Figure 6Examples of large private deletions. (A) Deletion on a C57BL/6J haplotype on chromosome 17: 57 Mb in CC026/GeniUnc is not shared with CC040/Unc, which shares the underlying C57BL/6J haplotype. Top panel shows normalized coverage in whole-genome sequencing (in 1-kb bins) for CC040/Unc; lower panel shows normalized coverage in CC026/GeniUnc.

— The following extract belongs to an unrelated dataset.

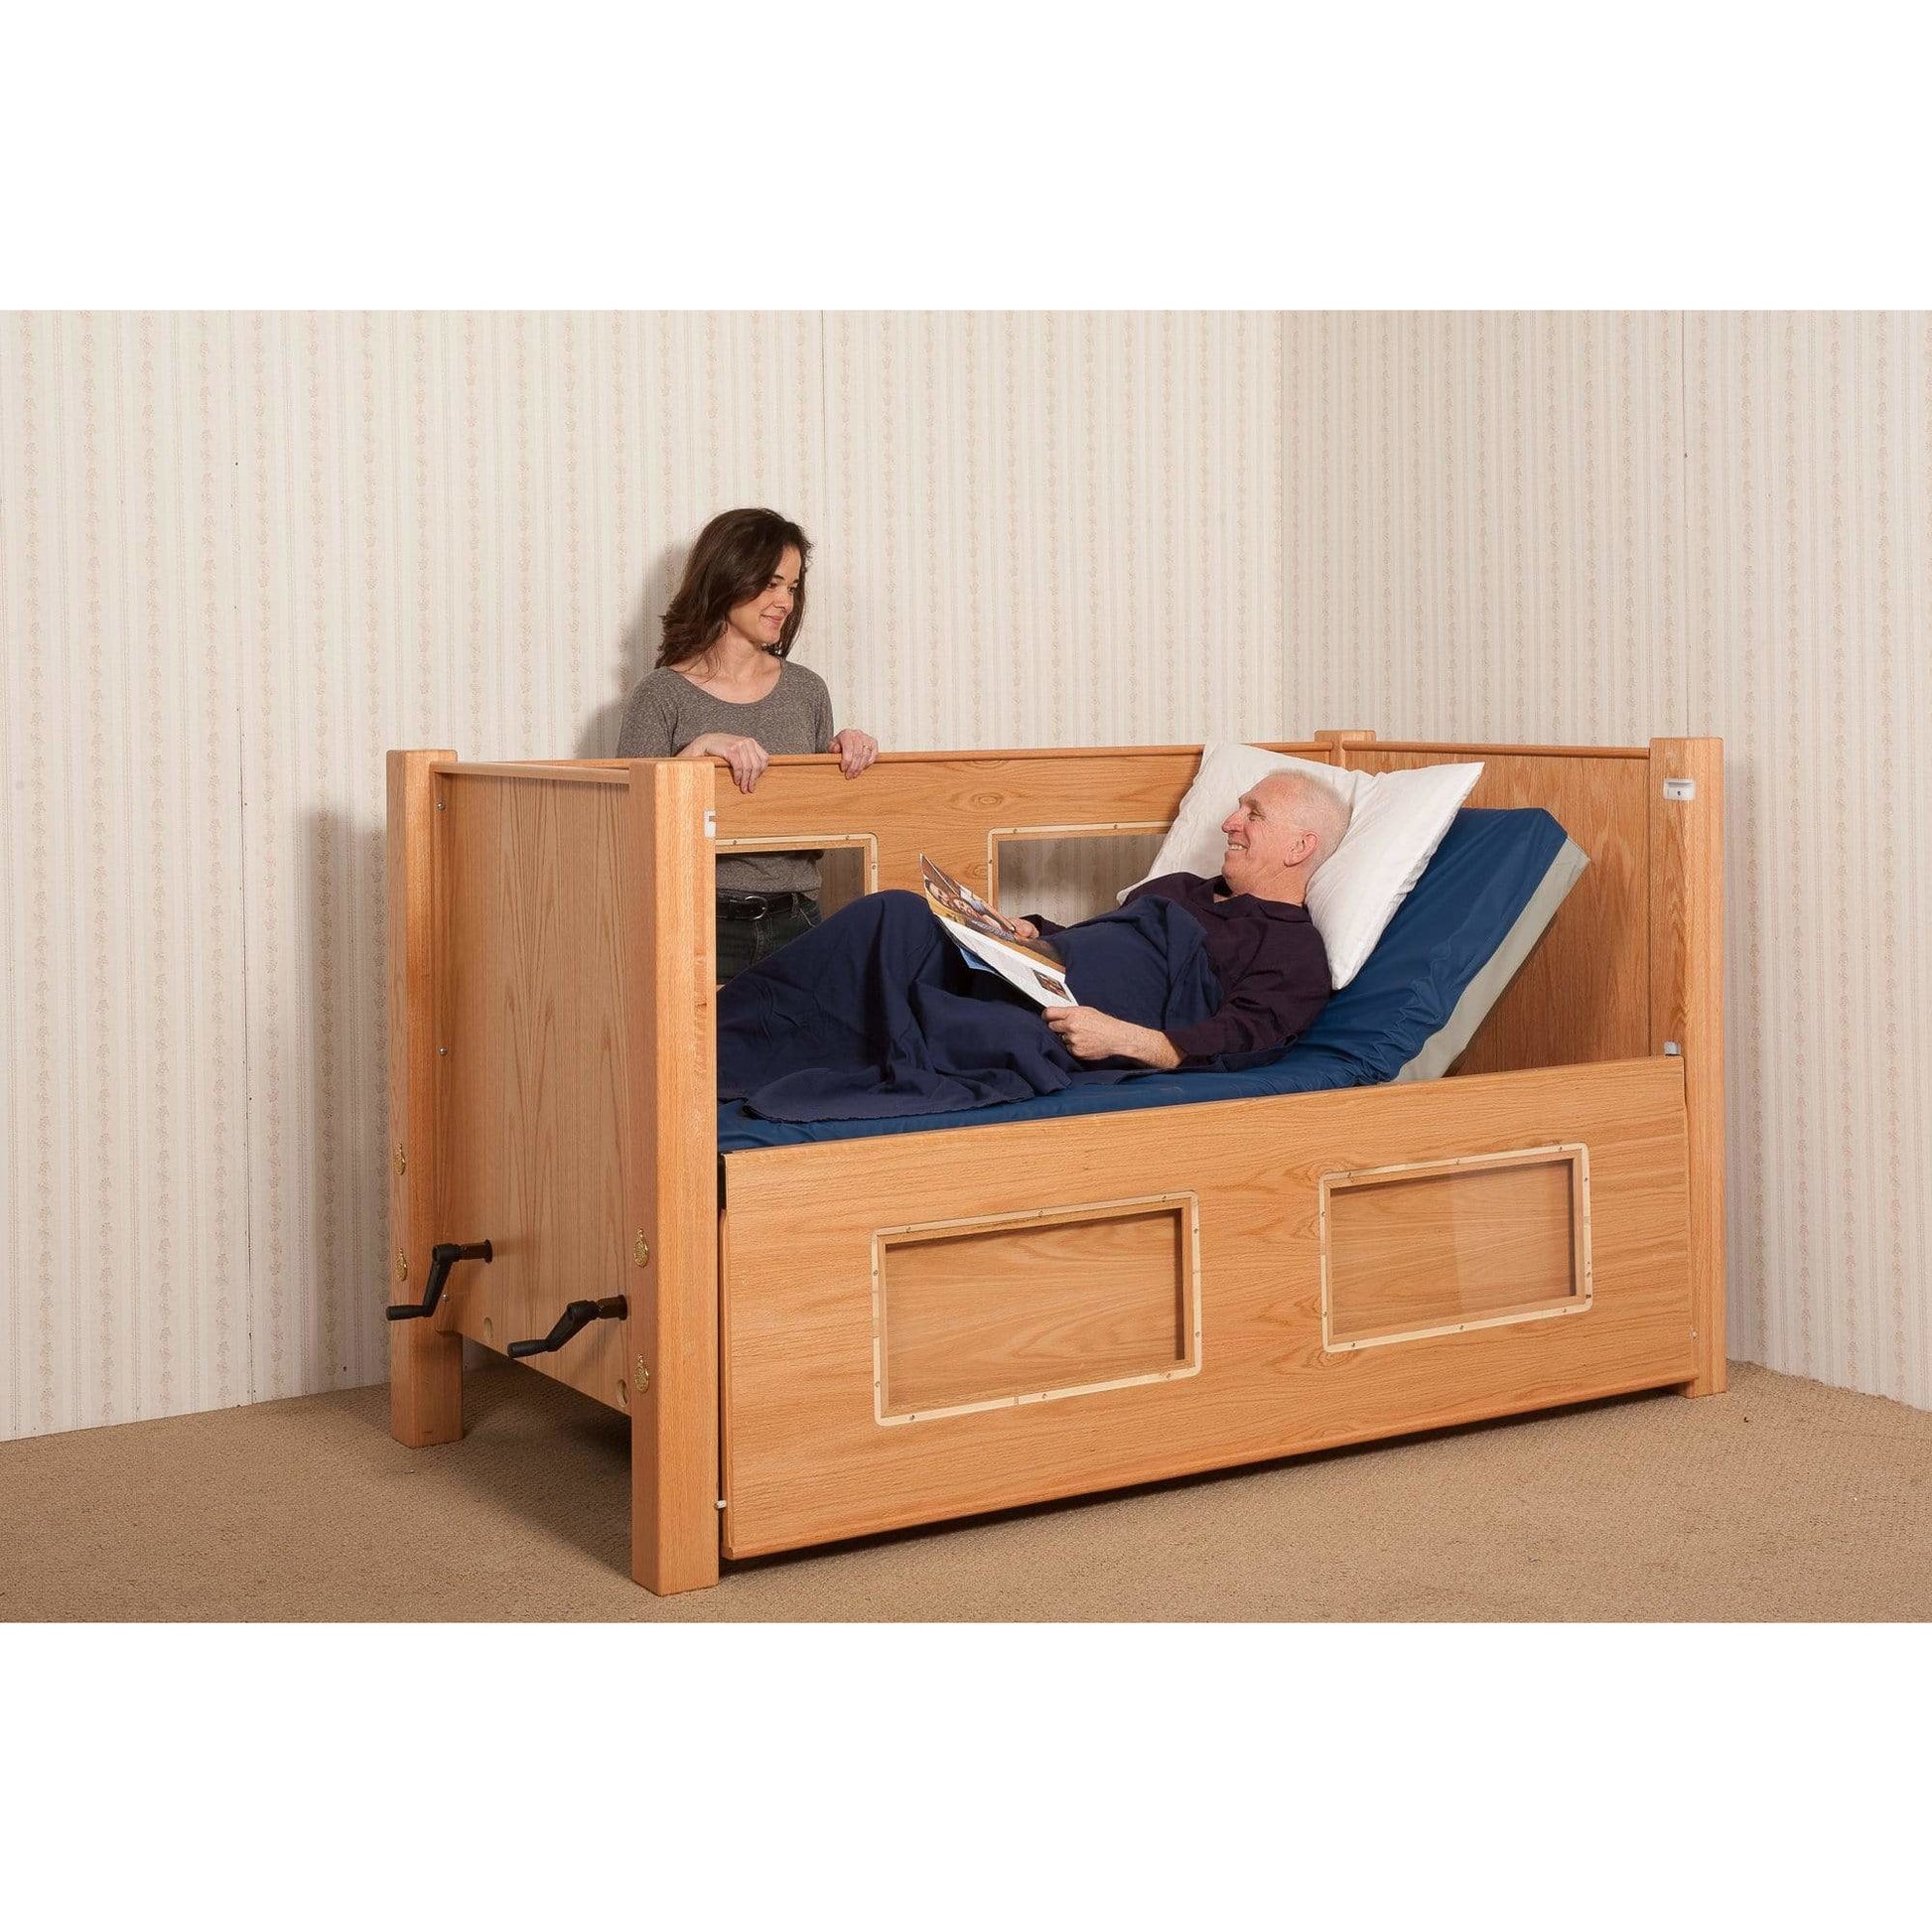 Beds by George Made to order Slumber Series Twin Size Bed With Manual Adjustable Head And Foot BBG-SS150-D

The deletion spans exons (red) from four genes including complement factor gene C3. Assembled sequence spanning the deletion shows microhomology over 9 bp at the breakpoint. (B) Deletion on a 129S1/SvImJ haplotype on chromosome 3: 133 Mb in CC055/TauUnc is not shared with CC018/Unc, which shares the underlying 129S1/SvImJ haplotype. Organization follows that found in A. The deletion spans the middle exons (red) of Npnt, which encodes the integrin-binding protein nephronectin.
Figure 7Mapping of unplaced sequences in the CC. (A) QTL scan demonstrating successful localization of GL456378, a contig not localized in the current mouse reference genome (mm10/GRCm38.p5), to distal chromosome 4. (B) Estimated copy number of GL456378 in founder strains. (C) Genomic distribution of 19 sequences localized using the CC. Gold, sequences previously assigned to a chromosome but not a specific position; black, sequences whose position was previously unknown. Dot indicates marker with maximum LOD score and line segment indicates 95% credible interval.